[Start of section]

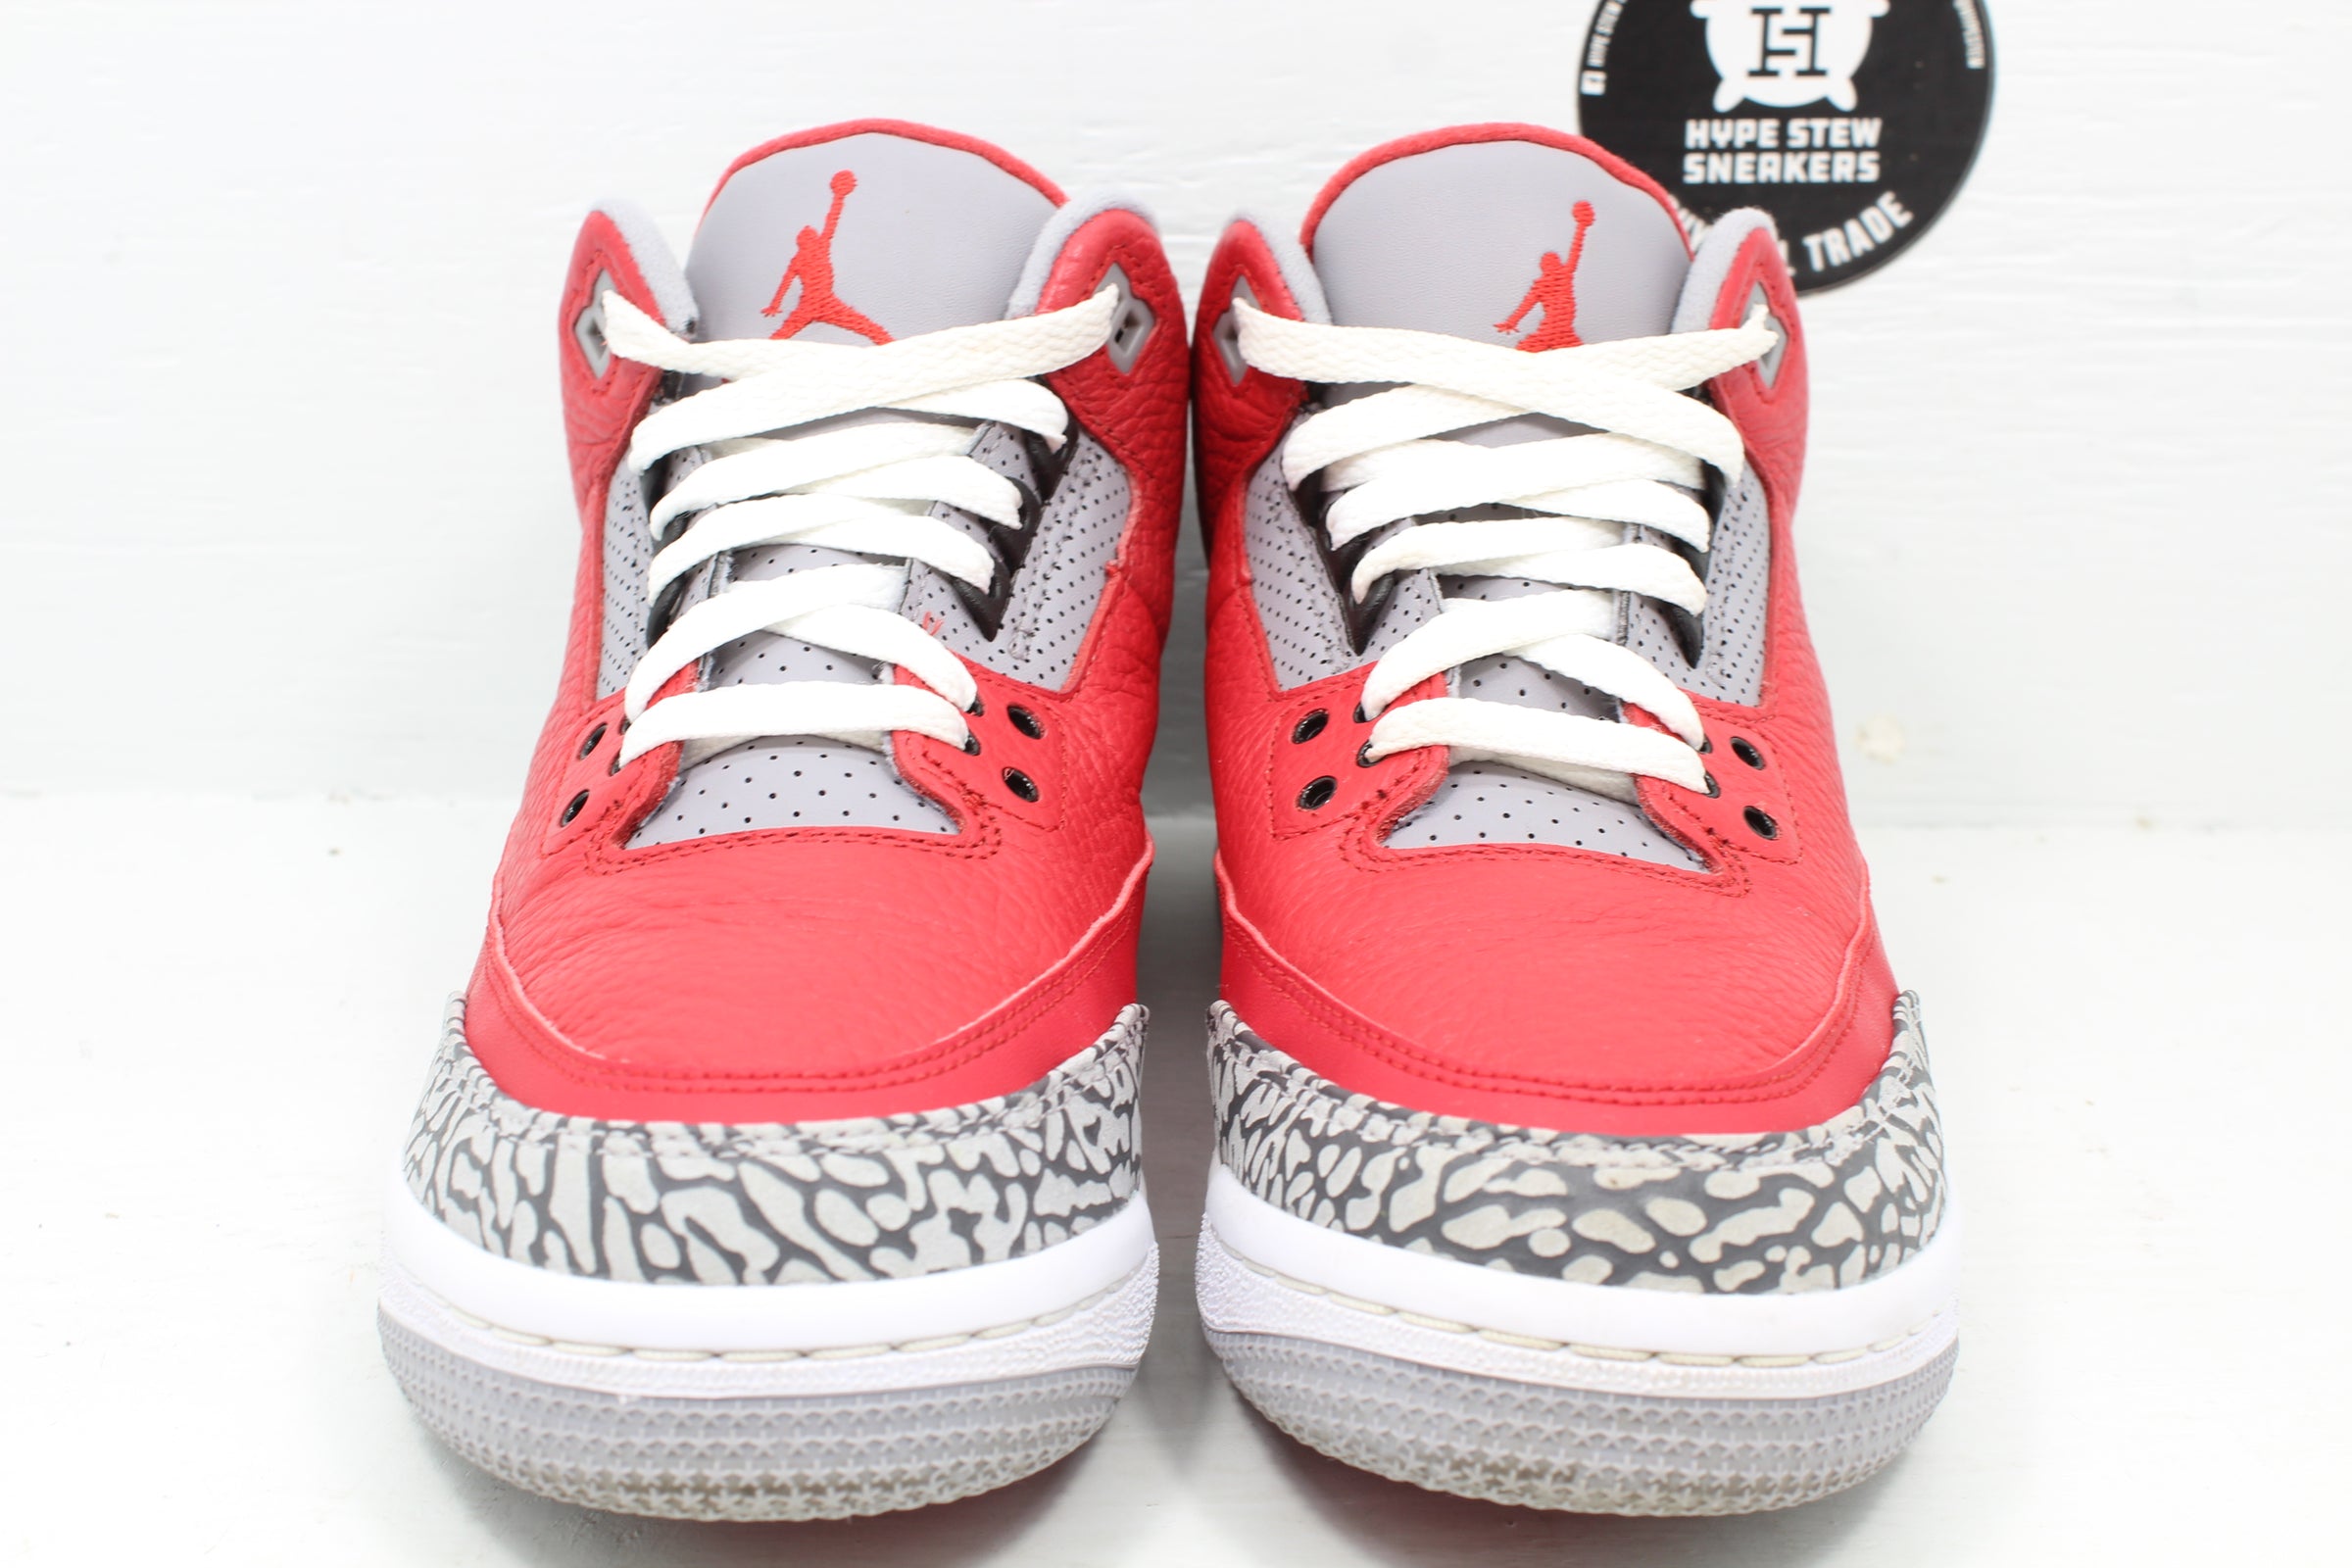 Nike Air Jordan 3 Unite Fire Red (GS) | Hype Stew Sneakers Detroit
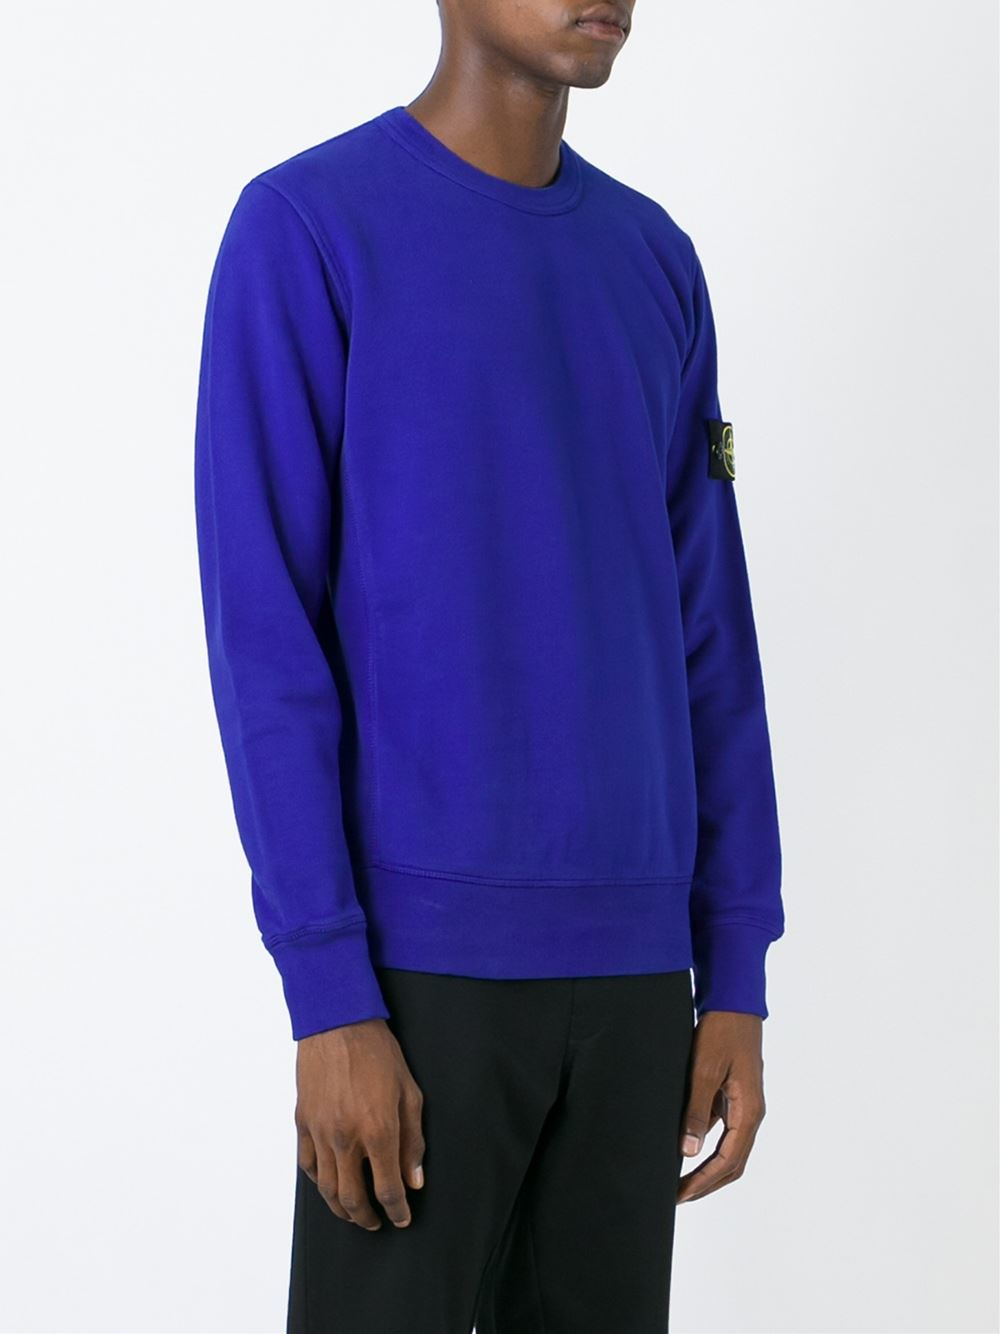 Lyst - Stone Island Crew Neck Sweatshirt in Blue for Men
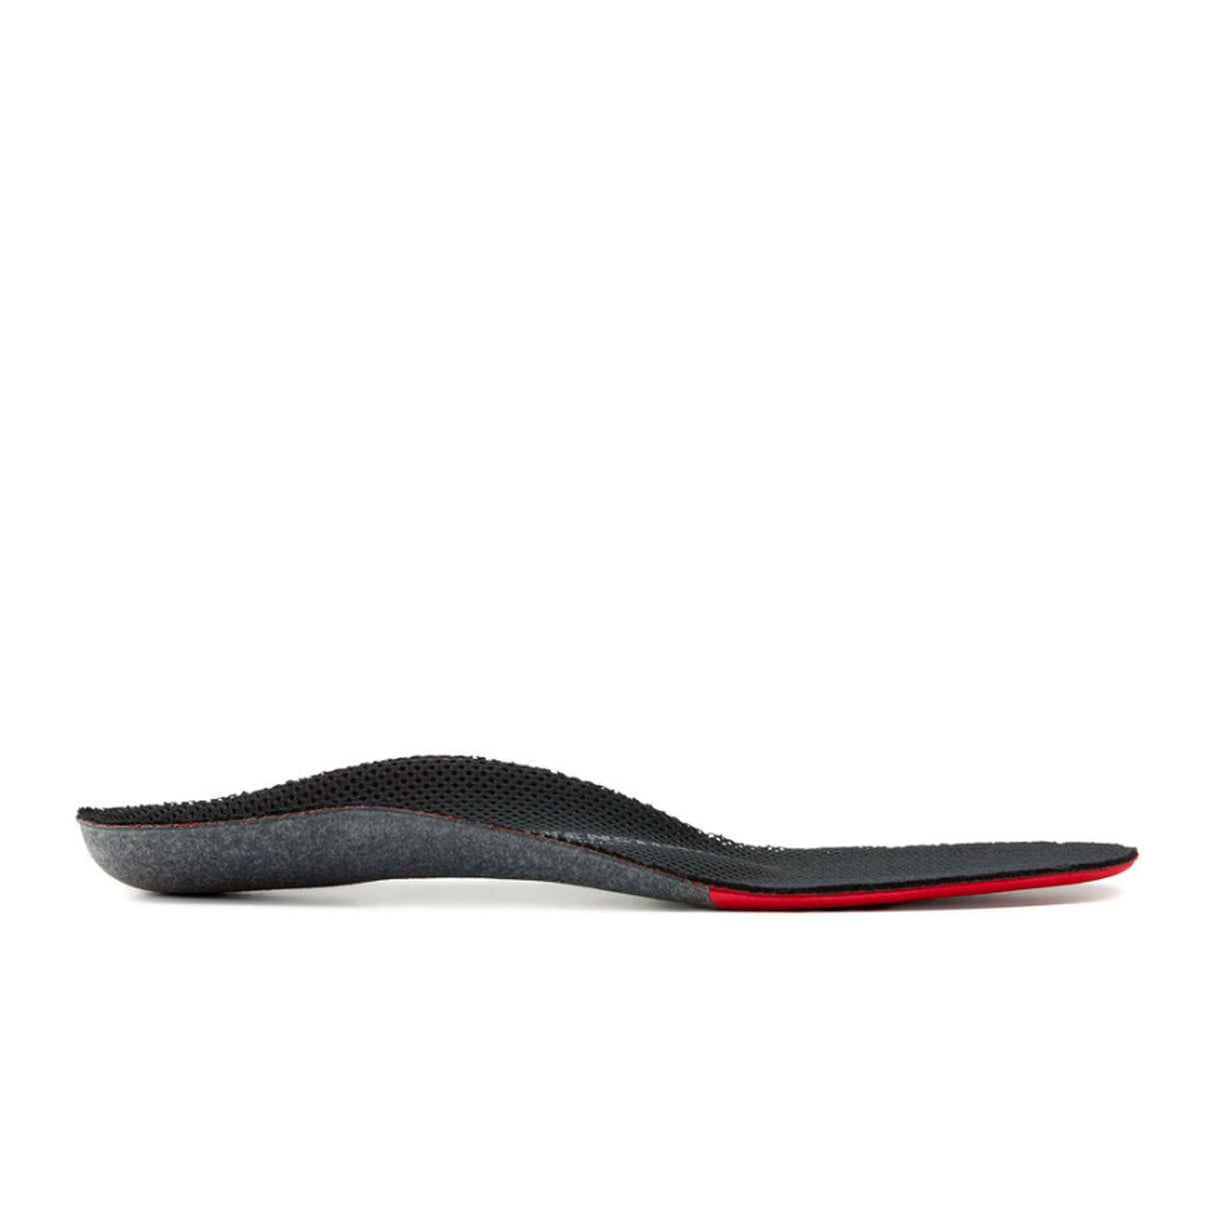 Birkenstock Birko Active Footbed (Unisex) - Black Accessories - Orthotics/Insoles - Full Length - The Heel Shoe Fitters

[End of section]

## TASK DIRECTIONS:
If a picture falls within the lines from the one containing "Lyst - Stone" through the end of the material, leave it out while repeating those lines exactly.

## SOLUTION BELOW:
 Lyst - Stone Island Crew Neck Sweatshirt in Blue for Men
 Birkenstock Birko Active Footbed (Unisex) - Black Accessories - Orthotics/Insoles - Full Length - The Heel Shoe Fitters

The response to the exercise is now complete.